_Data section_
+===+
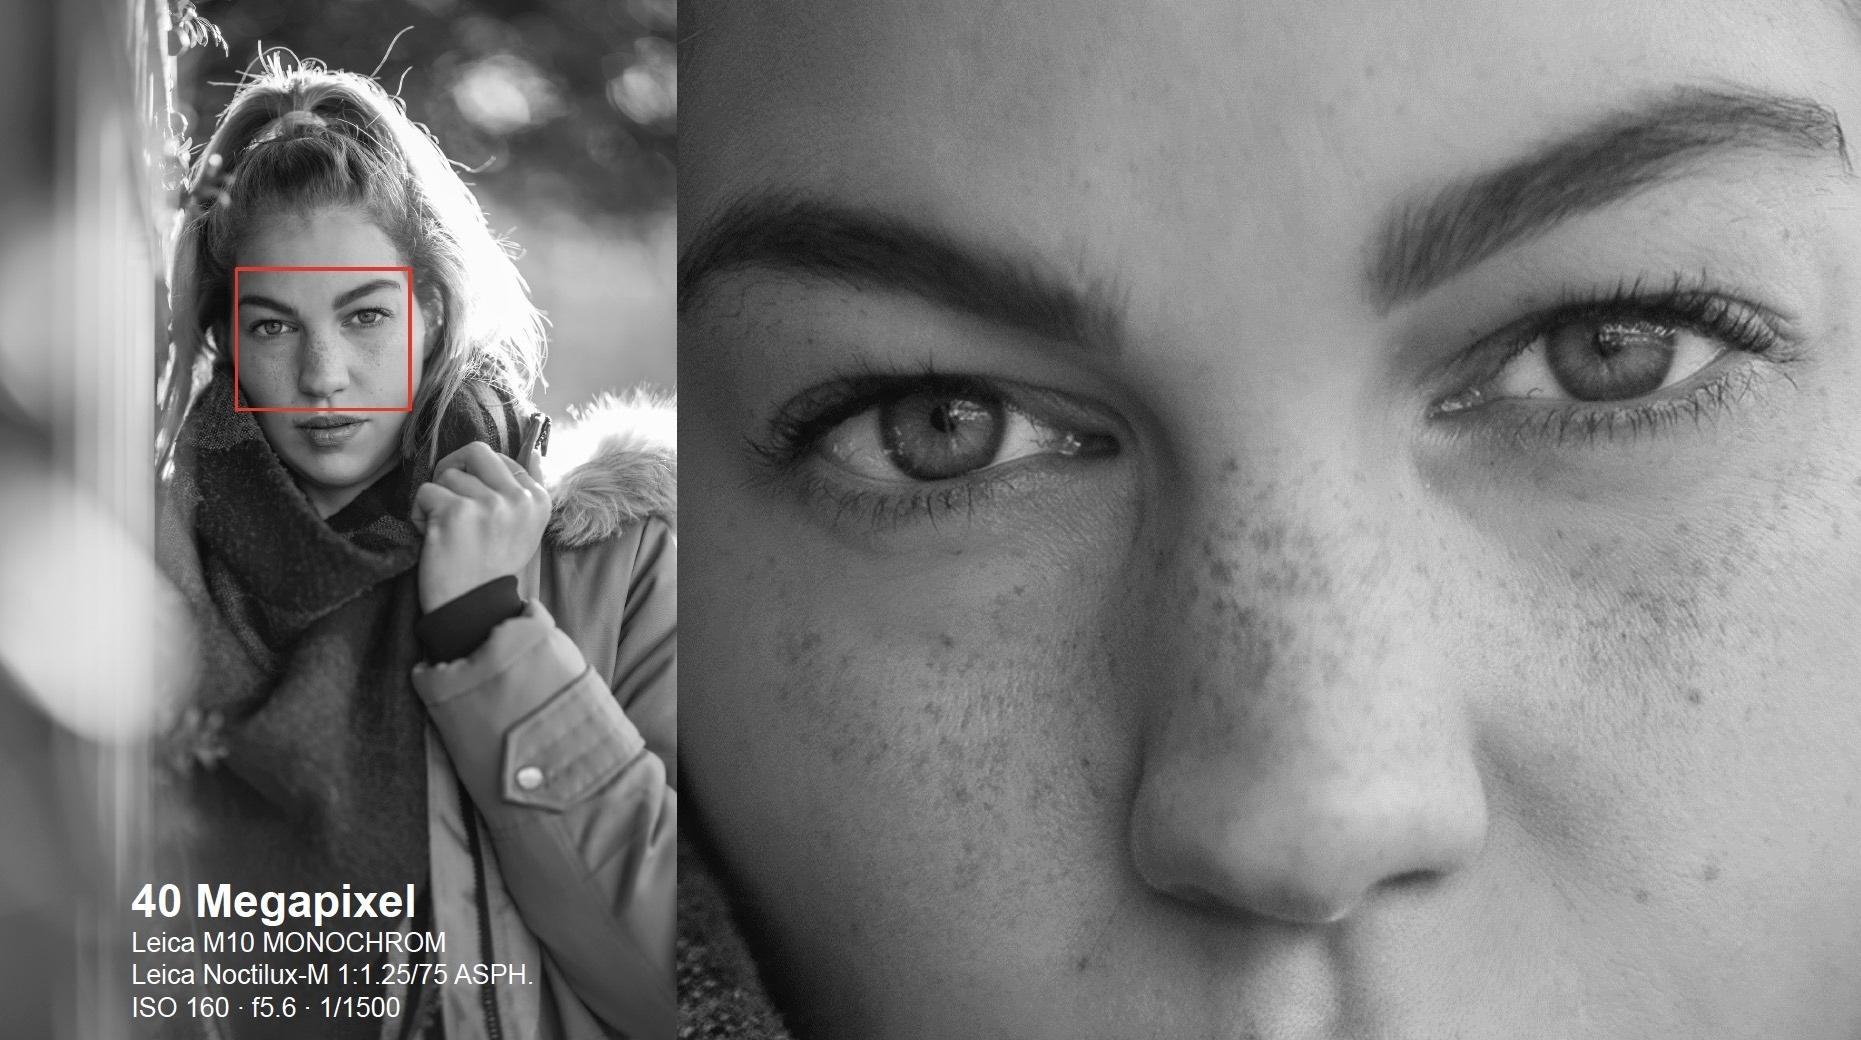 Leica M10 Monochrom 40mp resolution
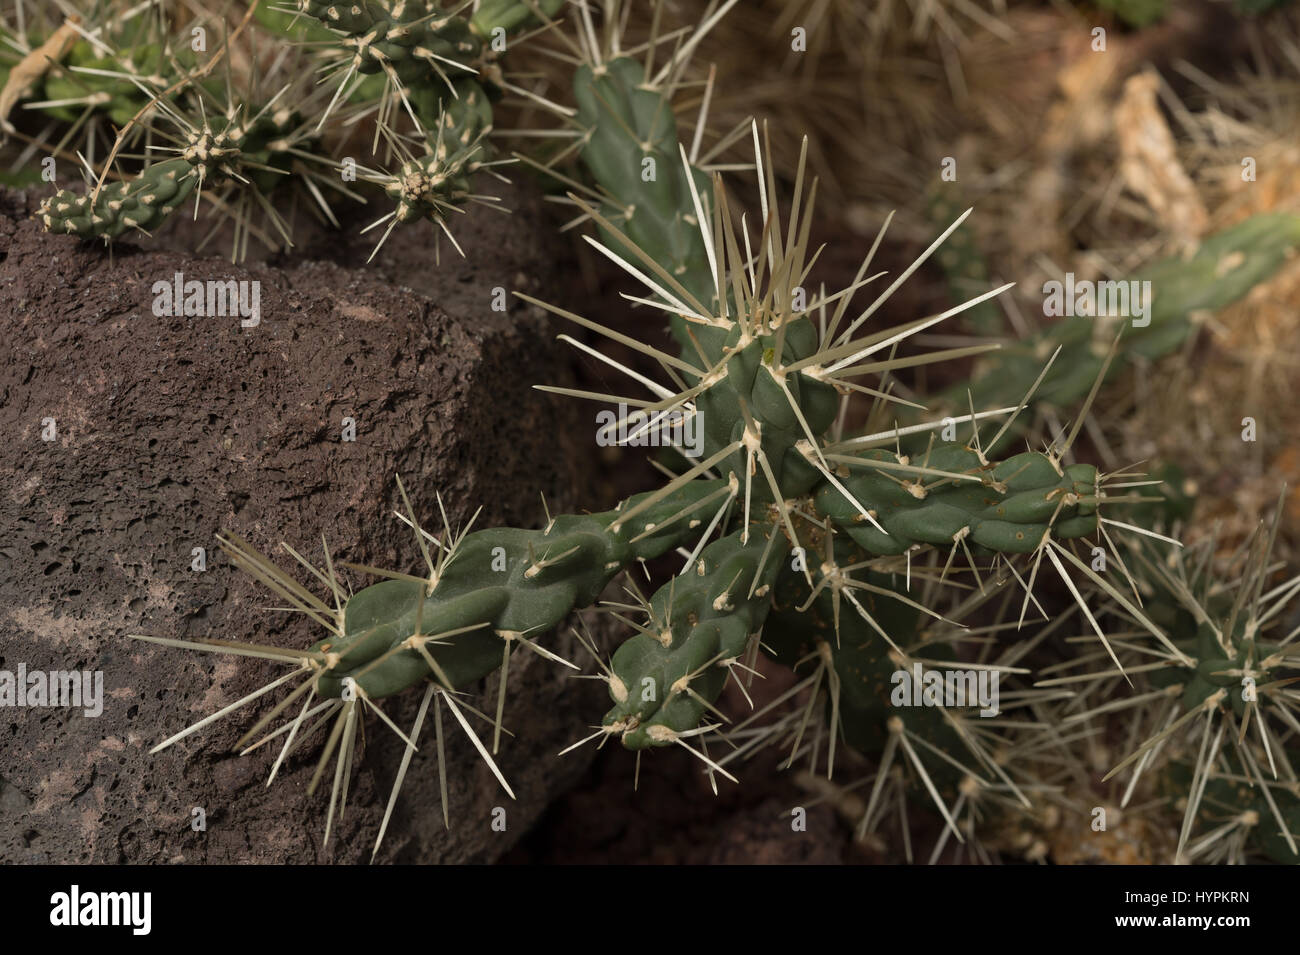 Silverspine Cane Cholla, Opuntia tunicata, Cactaceae, Mexico Stock Photo
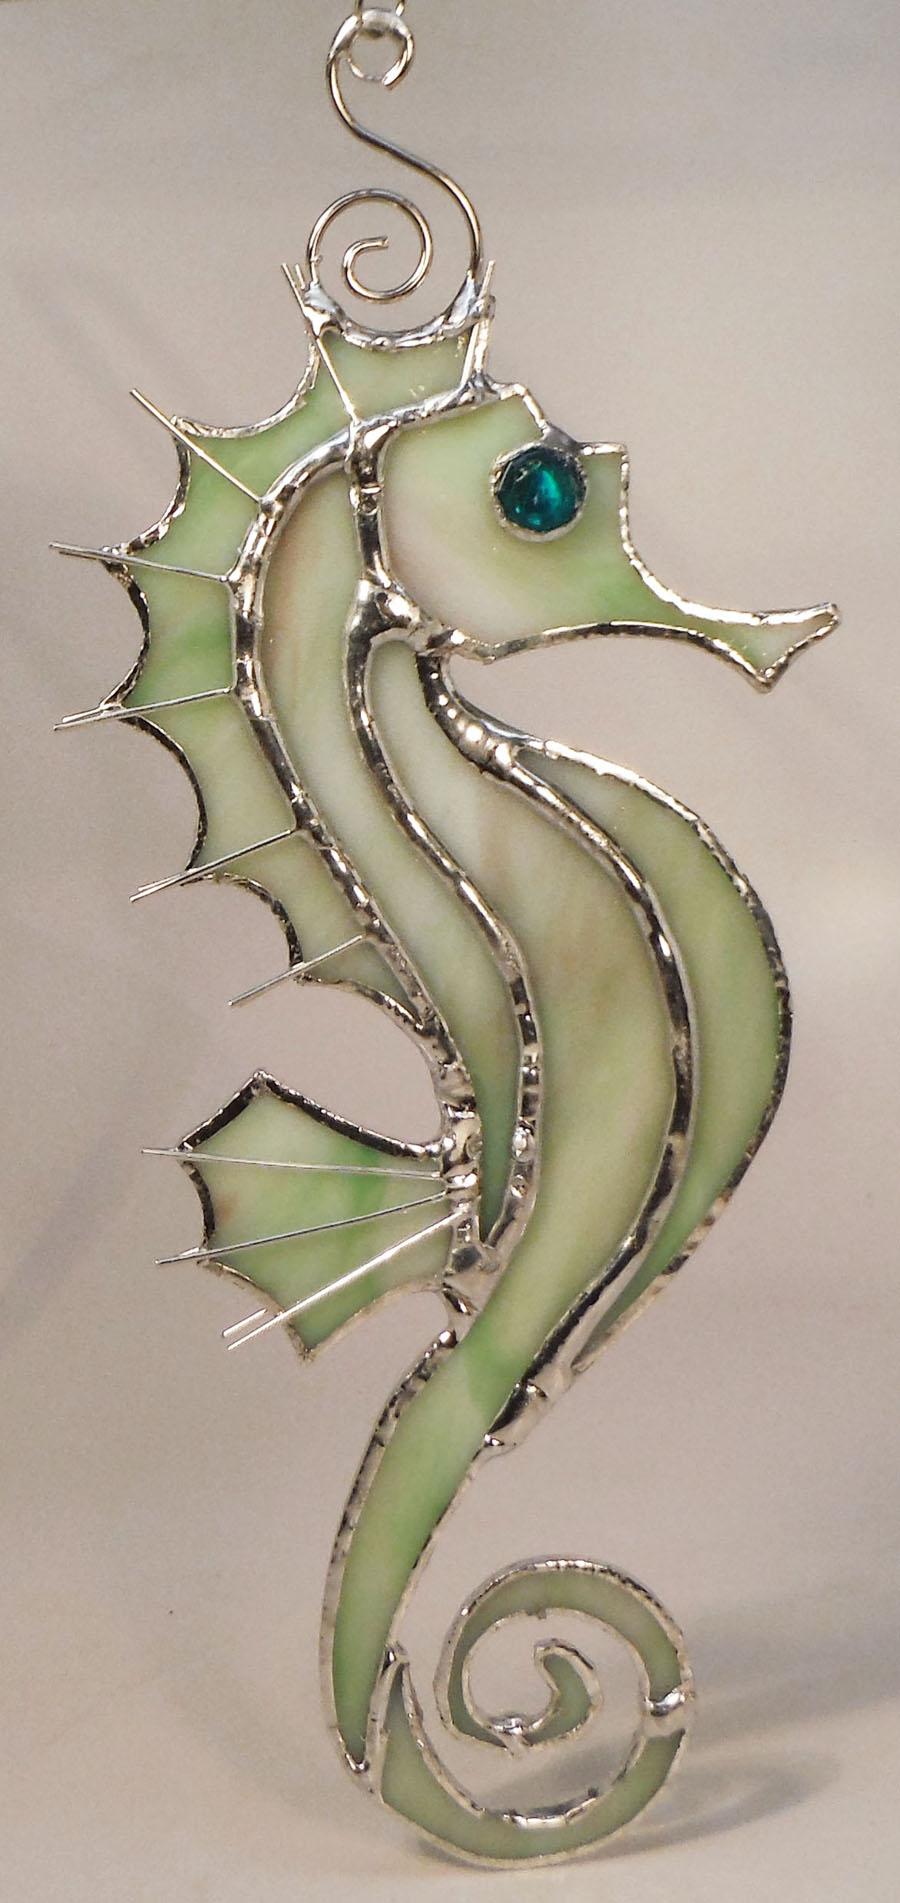 Seahorse08small
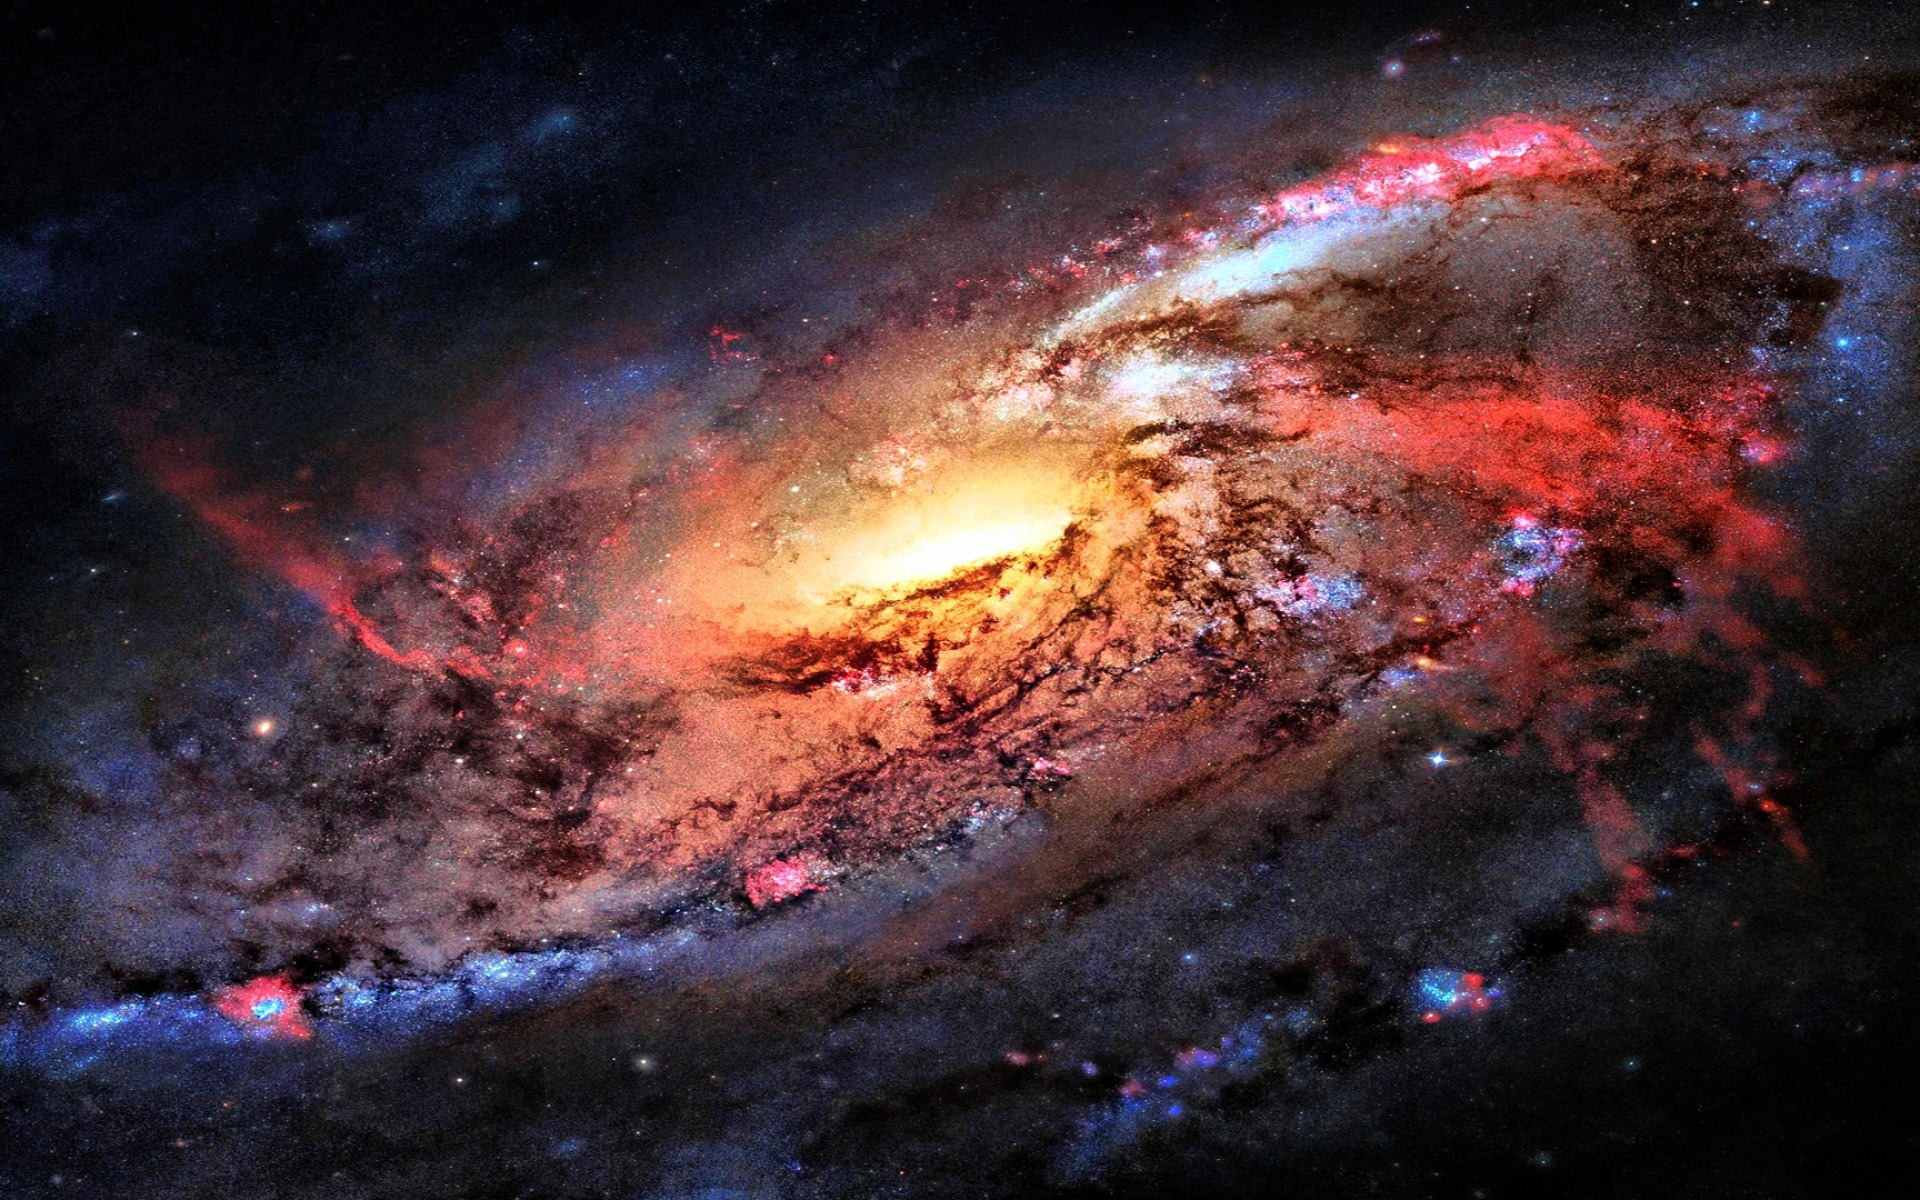 space flight sky stars Space HD Wallpaper 1920x1200
+===+
_Instructions to follow_
Transcribe the lines above exactly, setting aside any picture among them.

_Solution to the problem_
 Leica M10 Monochrom 40mp resolution
 Silverspine Cane Cholla, Opuntia tunicata, Cactaceae, Mexico Stock Photo
 Seahorse08small
 space flight sky stars Space HD Wallpaper 1920x1200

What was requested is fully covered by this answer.